I have the honor to again this year be your friendly crew chief for helicopter operations.

 

I just wanted to pass on some lessons learned from last year in an effort to help you, the operator.

 

1) First off, start thinking about your gear.

 

- As many of you learned last year there is not a whole lot of extra space on-board the bird. Not only that but seat belts must be worn during flight, and the belts were not designed with the kitted out operator in mind. So things like bulky hydration packs, backpacks, or go-bags are not going to serve you well. They are going to limit your mobility, slow you ingress and egress from the craft, and generally be a huge pain in your ass. So think about slimming your gear down for a gun run. That said here are some things that I feel you will need.

      - Some kind of dump pouch. (Mag retention isn't just cost saving, its safety for people below you!)

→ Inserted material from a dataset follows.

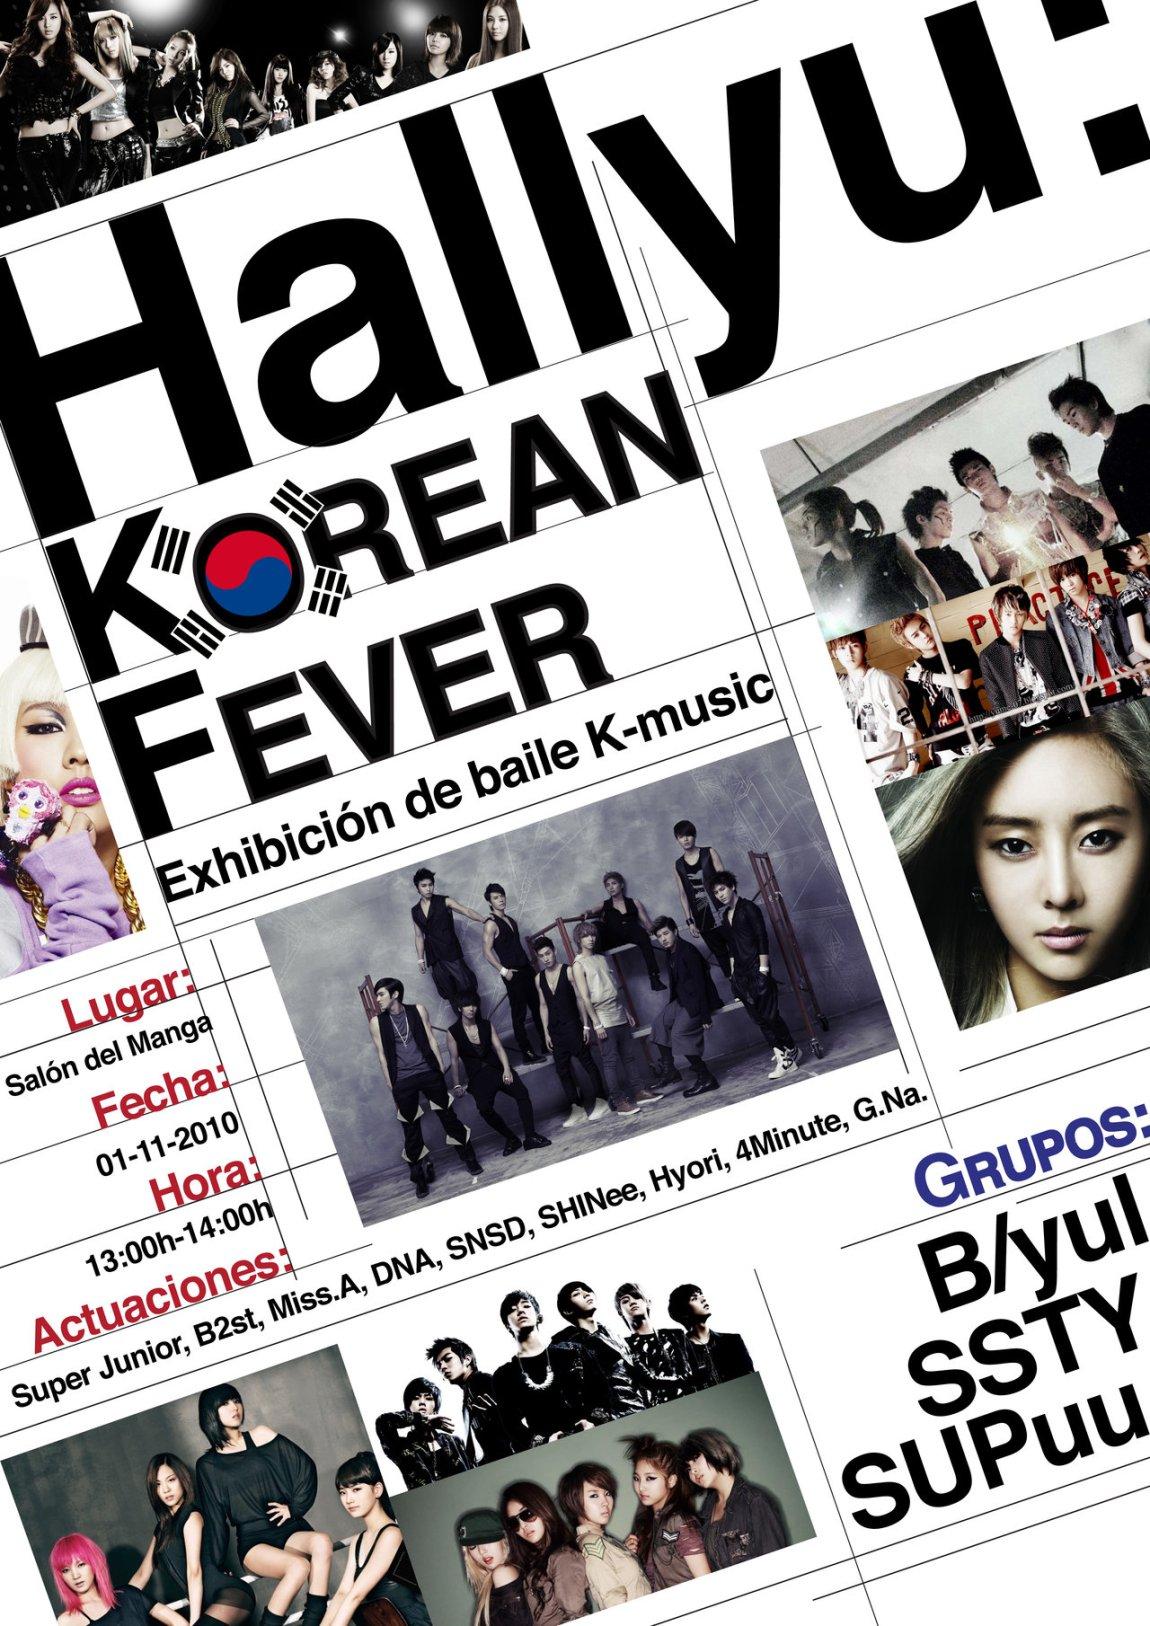 Upgrade 'hallyu' beyond KPOP, K-Drama

      - A 1 point sling of some kind. (Safety as mentioned above, but they also allow for better mobility when leaning out for hard to make shots. Its much easier to do with a 1 point VS a 2 or 3 point sling.)

     

- Head room is at a premium. For the shorter operator this isn't a huge deal, but taller operators with tall headgear may find themselves clipping the top of their helmets (or whatever is on top of them) on the door frame entering and exiting the craft.

 

- For those doing Infill/Exfil, time is not your friend. We can only fit 3 operators per flight in the back of the bird. The longer it takes to get you safety loaded and unload from the bird is time the enemy has to recognize that there is an infill/exfil taking place, and time for them to start moving on your position. That's more time that your squad is exposed. I understand that you will need all the gear on the field, and that slimming your loadout is not really feasible. Instead, I recommend removing it and hand carrying it onto the bird with you, if its a backpack that pretty easy. If you have a huge hydration pack attached to your plate carrier, shuck the carrier till you land.

 

2) Hearing protection.

 

- The Helo is going to be LOUD. While ear protection is not required, I personally recommend it. Some operators chose to run noise canceling headphone (IE: Peltors) and that should work just fine. Another cheaper alternative is foam inserts, pop them in before you board, and throw them in a pocket when you land. They take up little to no space and cost very little.

 

3) Shade/Sunscreen/Hydration

 

- Unfortunately it is cost prohibitive to run 2 or more helicopters at these events. (When I win the lotto tomorrow ill see about bringing out another helo.) It is also unfortunate that riding in a helo at one of these events is pretty god damn awesome, because there are generally a lot of operators who have signed up, and we the crew are dedicated to making sure that the gun runs are pretty awesome for everyone. Unfortunately this means that there is sometimes a bit of wait time at the LZ. The bird requires a bit of open space to land in; so the LZ is probably going to be in the middle of one of the large open fields there at D-Day. There is probably going to be little to no shade at or even relatively close to the LZ, and knowing OK weather, on both days it is probably going to be a bright sunny 90+ degree temperature. Sun exposure like this is going to dry you out, and burn the unprotected. So while I don't recommend taking the large hydration bags onto the bird, having one at the LZ will keep you hydrated so that after your run is completed you will still be in fighting shape to rejoin your squad.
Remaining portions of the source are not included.